Overview of Statistical Tests - Teradata Warehouse Miner

Teradata Warehouse Miner User Guide - Volume 3Analytic Functions

Teradata Warehouse Miner
Release Number
February 2018
English (United States)
Last Update
Product Category
This chapter applies only to an instance of Teradata Warehouse Miner operating on a Teradata database.

Teradata Warehouse Miner contains both parametric and nonparametric statistical tests from the classical statistics literature, as well as more recently developed tests. In addition, “group by” variables permit the ability to statistically analyze data groups defined by selected variables having specific values. In this way, multiple tests can be conducted at once to provide a profile of customer data showing hidden clues about customer behavior.

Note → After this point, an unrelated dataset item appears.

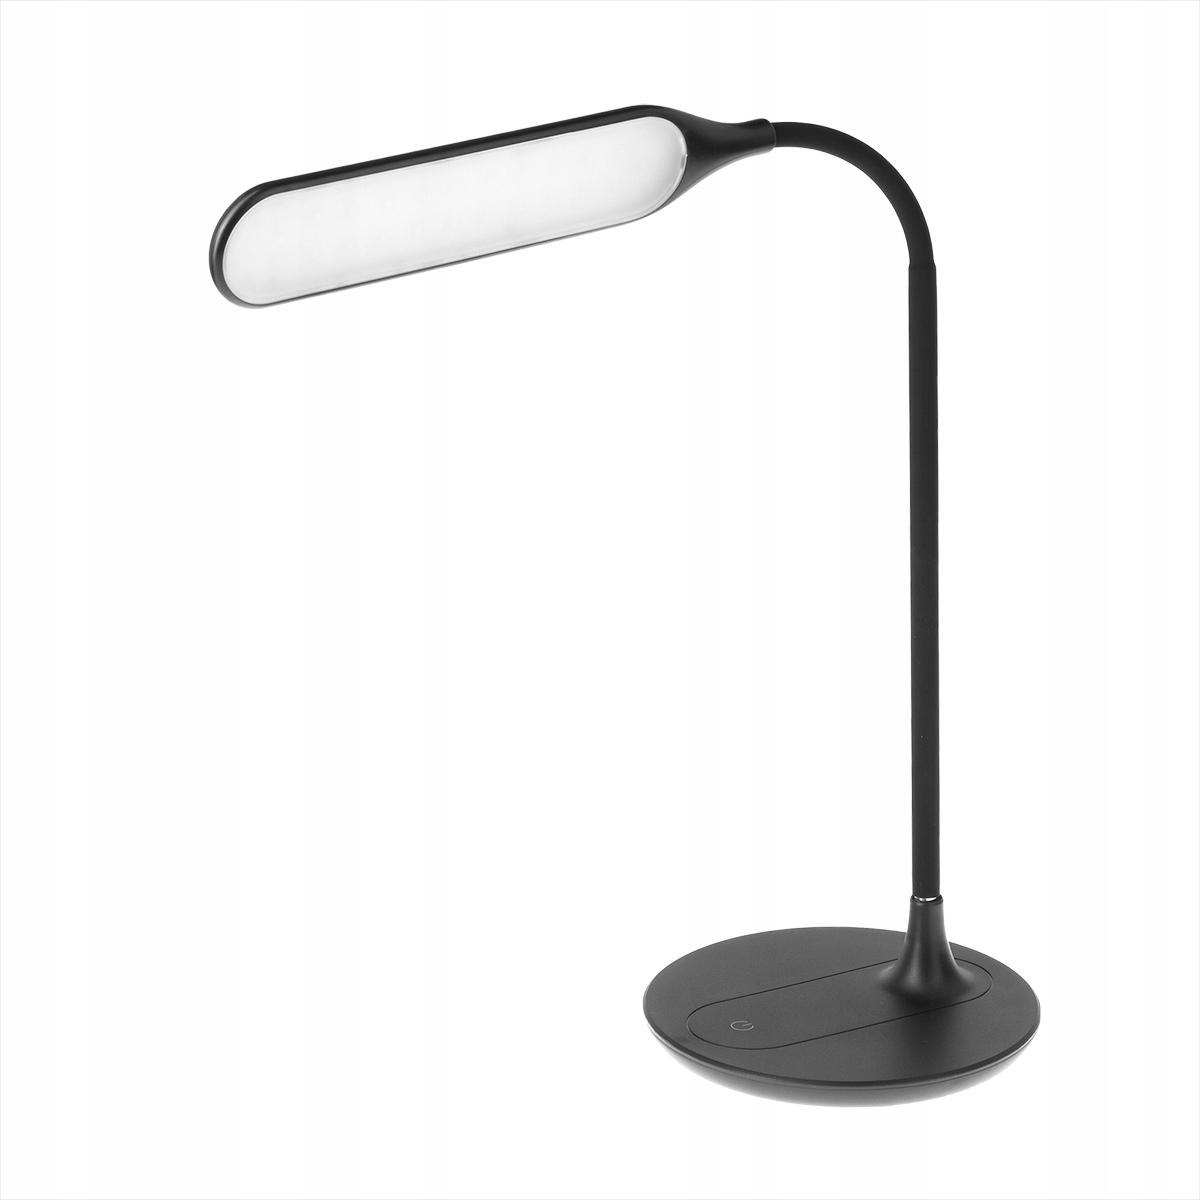 LAMPA LED NA BIURKO MANICURE 6W CZARNA GIĘTKA DS51

In simplified terms, what statistical inference allows us to do is to find out whether the outcome of an experiment could have happened by accident, or if it is extremely unlikely to have happened by chance. Of course a very well designed experiment would have outcomes which are clearly different, and require no statistical test. Unfortunately, in nature noisy outcomes of experiments are common, and statistical inference is required to get the answer. It does not matter whether our data come from an experiment we designed, or from a retail database. Questions can be asked of the data, and statistical inference can provide the answer.

What is statistical inference? It is a process of drawing conclusions about parameters of a statistical distribution. In summary, there are three principal approaches to statistical inference. One type of statistical inference is Bayesian estimation, where conclusions are based upon posterior judgments about the parameter given an experimental outcome. A second type is based on the likelihood approach, in which all conclusions are inferred from the likelihood function of the parameter given an experimental outcome. A third type of inference is hypothesis testing, which includes both nonparametric and parametric inference. For nonparametric inference, estimators concerning the distribution function are independent of the specific mathematical form of the distribution function. Parametric inference, by contrast, involves estimators about the distribution function that assumes a particular mathematical form, most often the normal distribution. Parametric tests are based on the sampling distribution of a particular statistic. Given knowledge of the underlying distribution of a variable, how the statistic is distributed in multiple equal-size samples can be predicted.

The statistical tests provided in Teradata Warehouse Miner are solely those of the hypothesis testing type, both parametric and nonparametric. Hypothesis tests generally belong to one of five classes:
  1. parametric tests including the class of t-tests and F-tests assuming normality of data populations
  2. nonparametric tests of the binomial type
  3. nonparametric tests of the chi square type, based on contingency tables.
  4. nonparametric tests based on ranks
  5. nonparametric tests of the Kolmogorov-Smirnov type

Within each class of tests there exist many variants, some of which have risen to the level of being named for their authors. Often tests have multiple names due to different originators. The tests may be applied to data in different ways, such as on one sample, two samples or multiple samples. The specific hypothesis of the test may be two-tailed, upper-tailed or lower-tailed.

Hypothesis tests vary depending on the assumptions made in the context of the experiment, and care must be exercised that they are valid in the particular context of the data to be examined. For example, is it a fair assumption that the variables are normally distributed? The choice of which test to apply will depend on the answer to this question. Failure to exercise proper judgment in which test to apply may result in false alarms, where the null hypothesis is rejected incorrectly, or misses, where the null hypothesis is accepted improperly.

Identity columns (i.e., columns defined with the attribute “GENERATED … AS IDENTITY”), cannot be analyzed by many of the statistical test functions and should therefore generally be avoided.